Si avvantaggiano, senza darlo a vedere, di certe conquiste filosofiche come quella crociana e bergsoniana (intuizione, immediatezza del linguaggio) brutalizzandole ed inserendole in una visione della vita caotica, materialistica, infantile. Per romperla con la tradizione, sentono il bisogno di spaccare i capolavori dell'antichità, e per reagire all'accademia, diventano un continuo paradosso culturale.
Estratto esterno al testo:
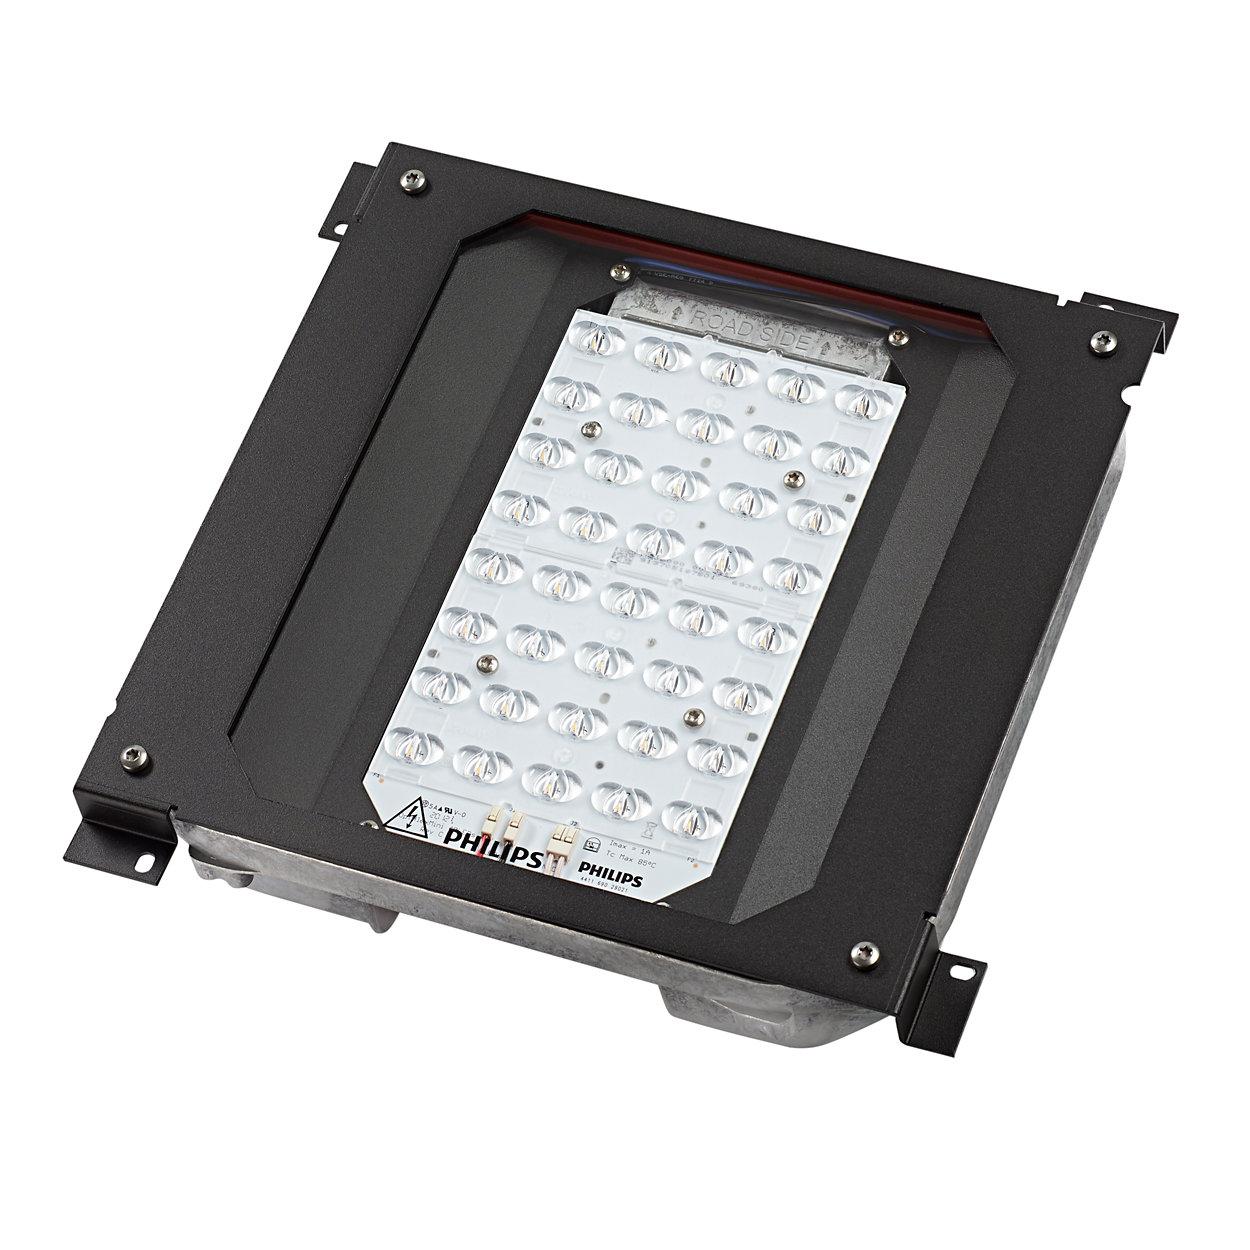 Atualize a sua base de instalação de luminária tradicional para uma alternativa LED mais energeticamente eficiente e preparada para o futuro.

Il loro risultato è perciò soprattutto notevole nel campo sociale e largamente culturale (esasperazione estrema dell'identità arte-vita) ma nel campo specificamente estetico la loro novità è superficiale, limitata vistosa se si guarda alle audacie, meschina se si guarda alla forza poetica che c'era dietro quegli schiamazzi. Ché spesso in questi poeti, fra tante cose (volontà, egotismo, materialismo quasi mistico) non c'è che un briciolo minimo di poesia. «Et tout le reste» non è neppure letteratura, ma sfogo di bisogni extraestetici.
Positivamente il futurismo ha finito la distruzione della formazione retorica, - con una violenza in sé e per sé cieca - del gusto ottocentesco, ed ha fatto provare il sapore dell'anarchia ad una letteratura saggia ed ordinata come la nostra. Il futurismo è stato così uri po' il martire di un decadentismo in arretrato, ha pagato per tutti, ha giovato negativamente a tutti.
II futurismo ha il valore di un'esperienza poco profonda, ma intensa, di tendenze d'avanguardia che sono state poi allontanate da quel potente antidoto...

La natura sensuale di questa poetica cerca infine il suo massimo nella sovrabbondanza delle immagini (perciò Govoni dovette piacere a Marinetti): «le immagini non sono fiori da scegliere e cogliere con parsimonia come diceva Voltaire».
E si potrebbe continuare a tirare le conseguenze tecniche, i particolari costruttivi, che emanano da questa poetica sensualistica. Ma a noi interessa aver ribadito l'accento estremamente decadente della poetica futurista e averla trovata, sotto spoglie diverse, vicinissima alla poetica pascoliana, dannunziana, crepuscolare.